__Your objective__:
Within the entries below, please return exactly the lines from the one with "Elegant Chinese Style Garden" through the one with "4.69ctw (3.52ct I2", leaving out any pictures.

__Data for analysis__:
== Segment start ==
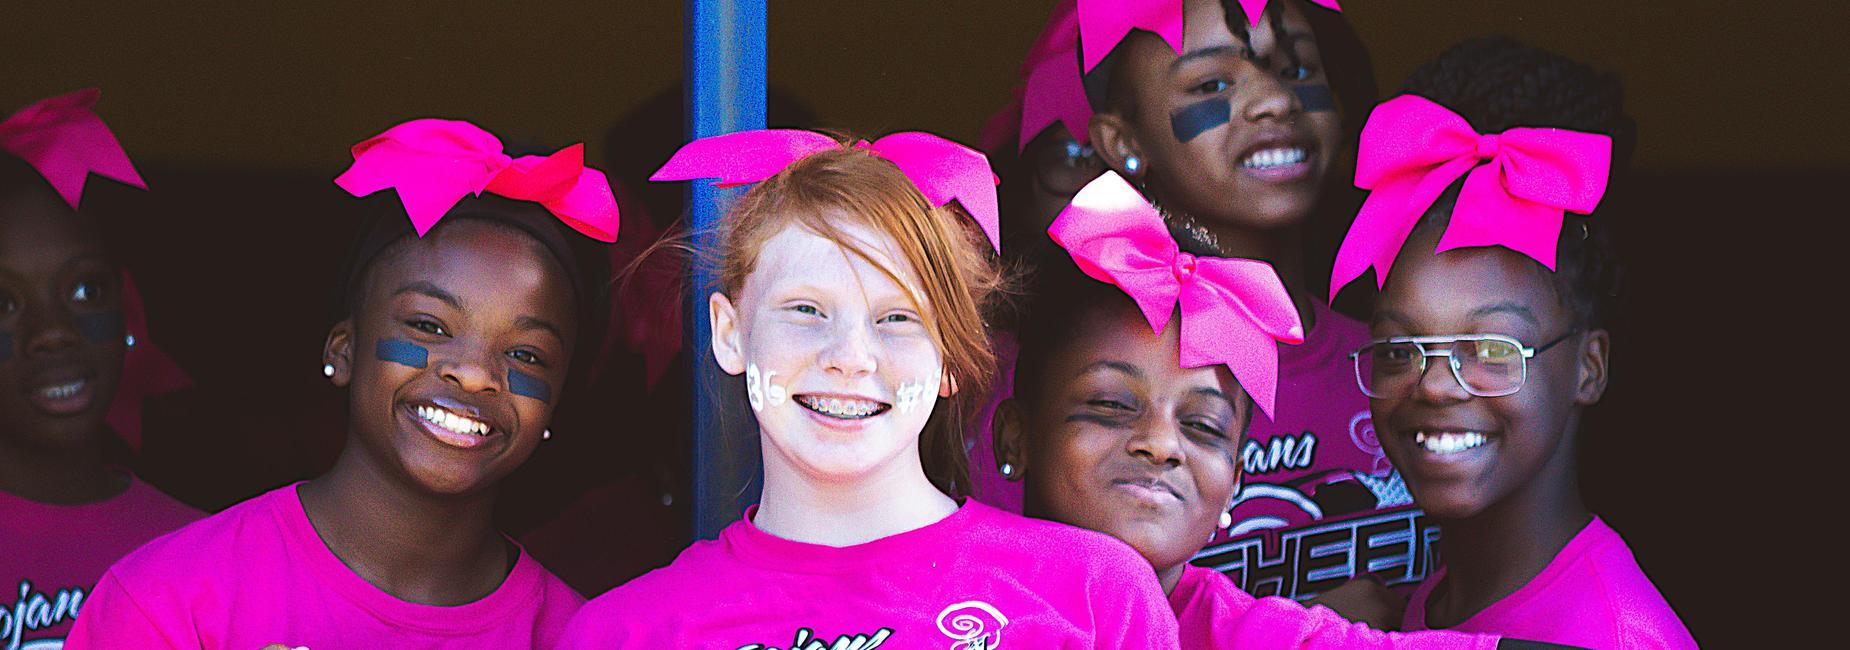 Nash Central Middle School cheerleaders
== Segment end ==
== Segment start ==
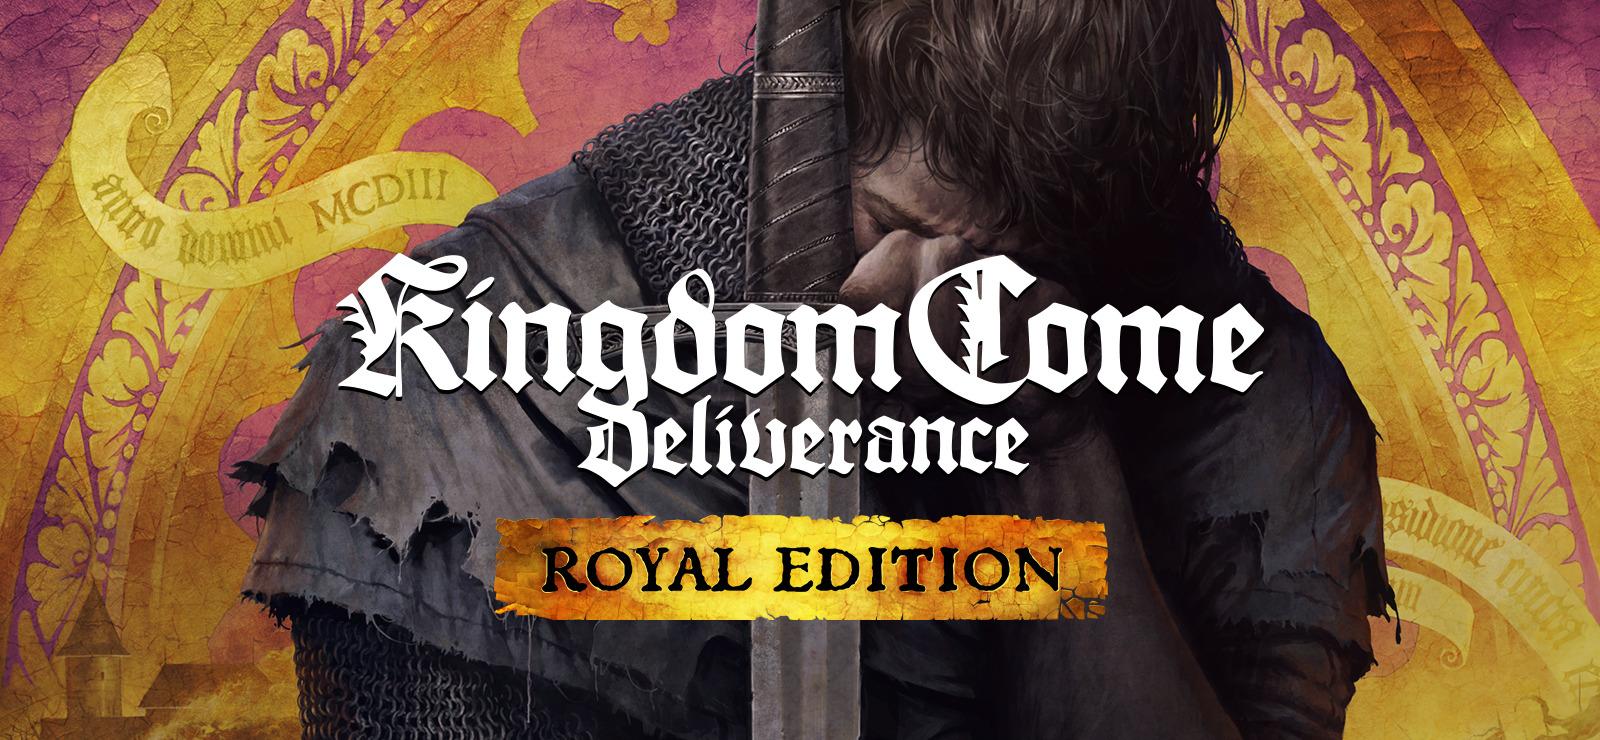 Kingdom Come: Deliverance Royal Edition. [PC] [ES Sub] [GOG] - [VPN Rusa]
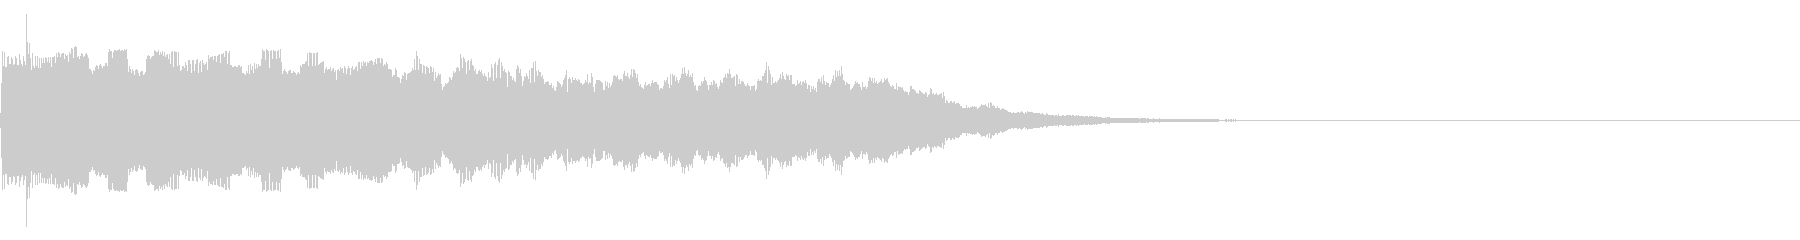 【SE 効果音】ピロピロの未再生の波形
== Segment end ==
== Segment start ==
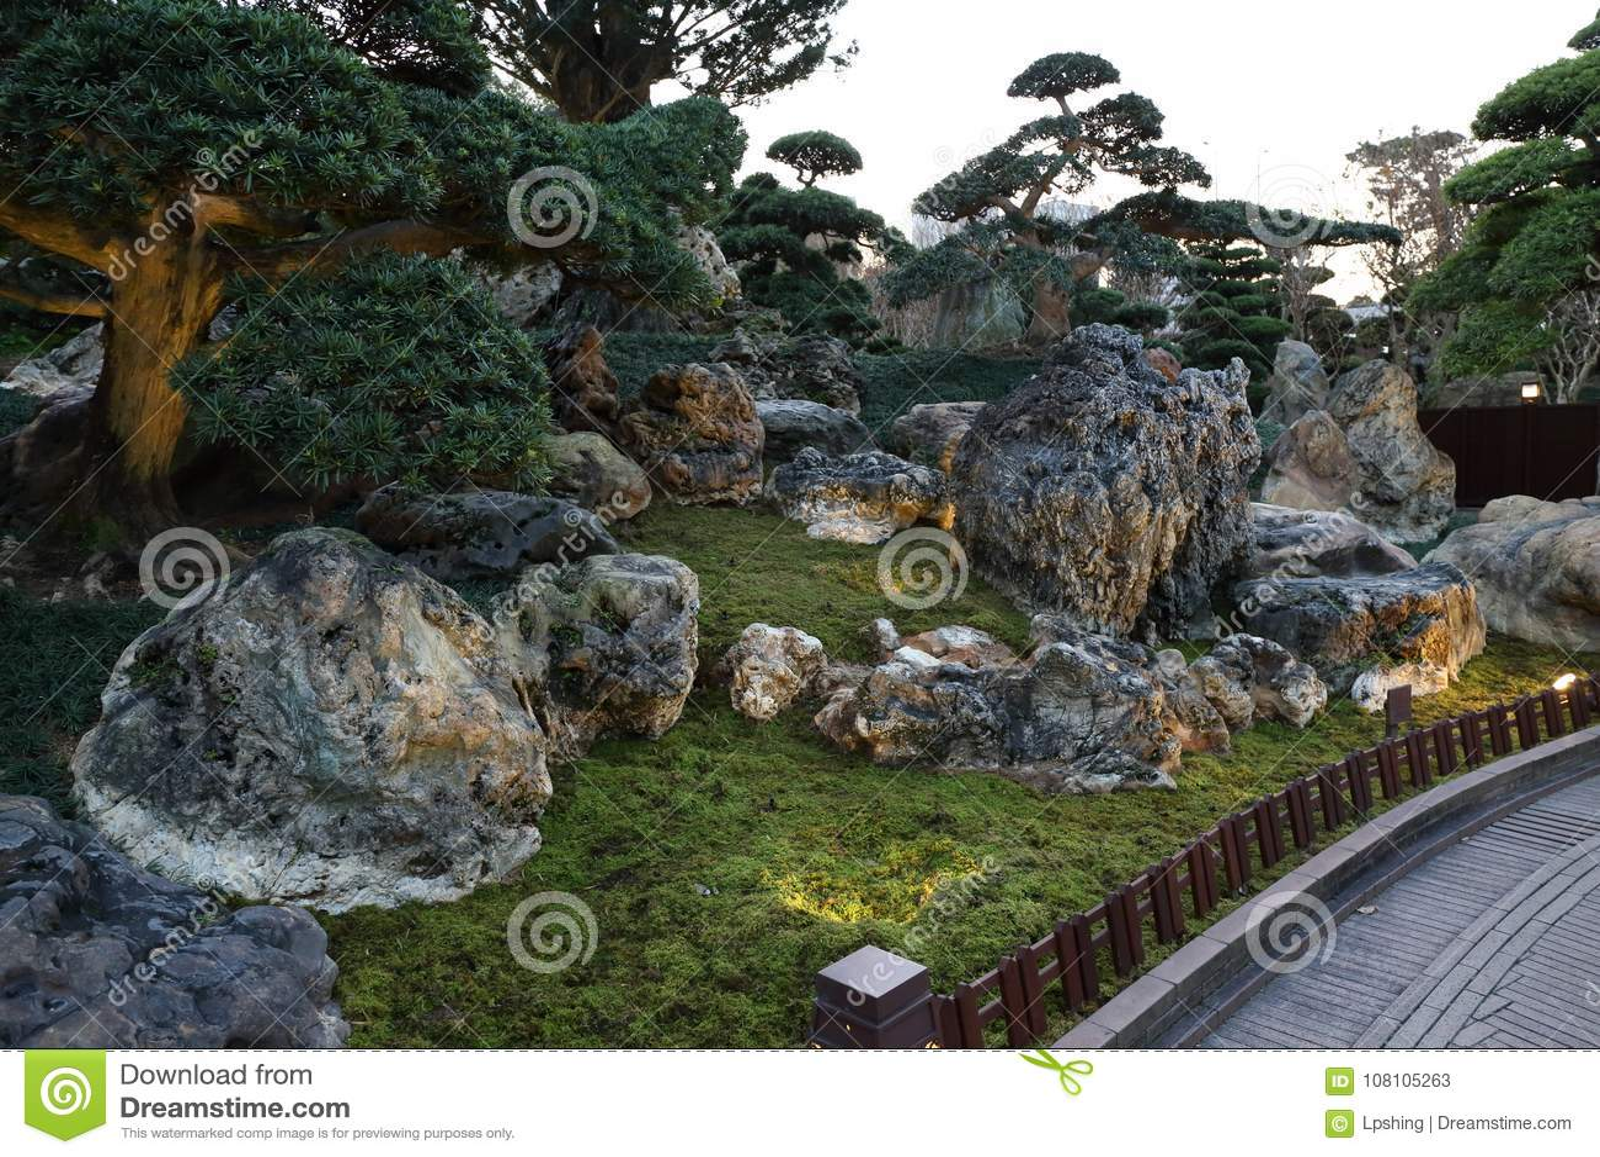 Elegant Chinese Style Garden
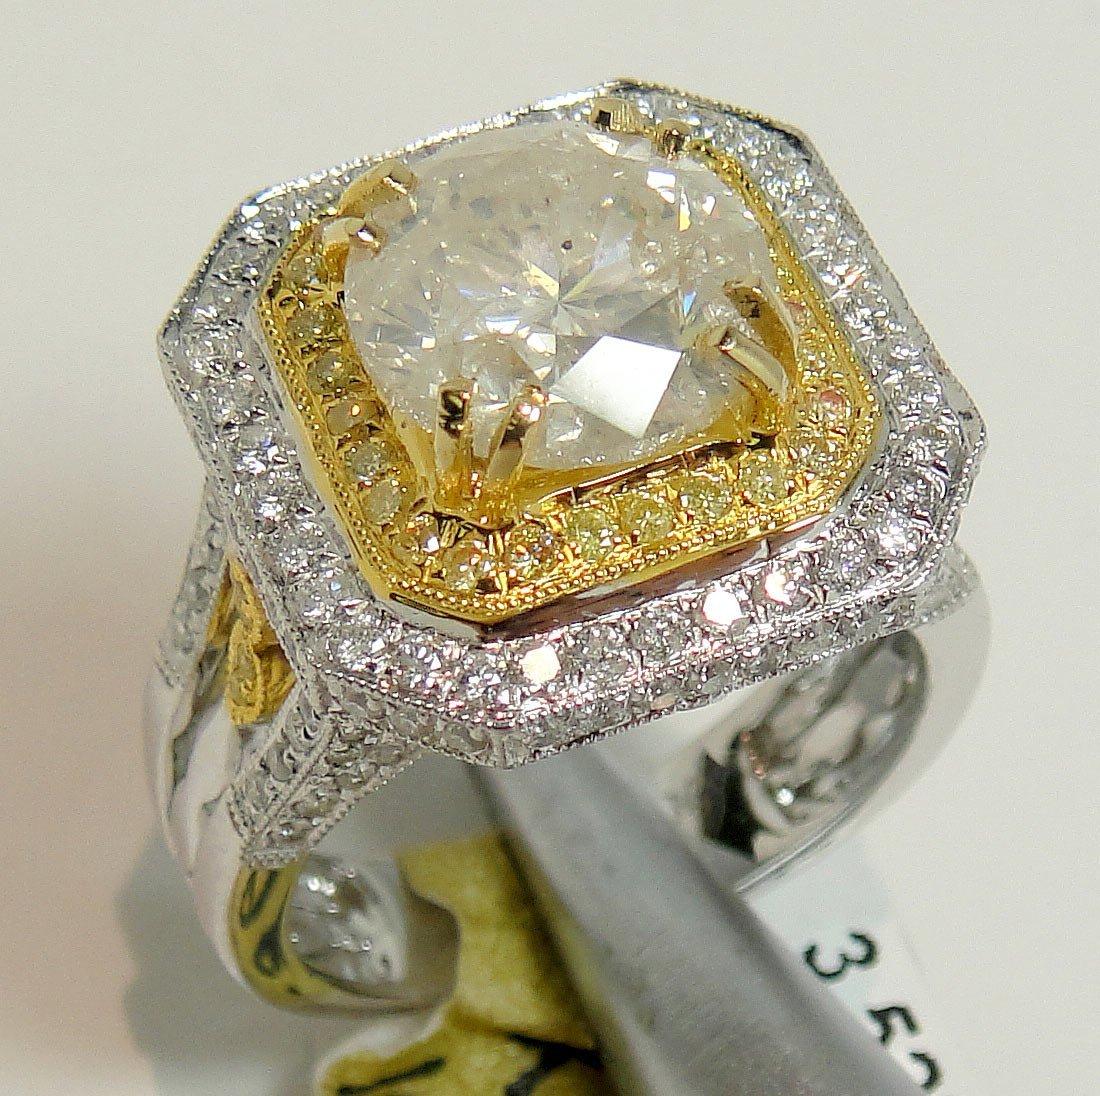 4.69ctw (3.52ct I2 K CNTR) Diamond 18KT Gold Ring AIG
== Segment end ==
__Exercise solution__:
 Elegant Chinese Style Garden
 4.69ctw (3.52ct I2 K CNTR) Diamond 18KT Gold Ring AIG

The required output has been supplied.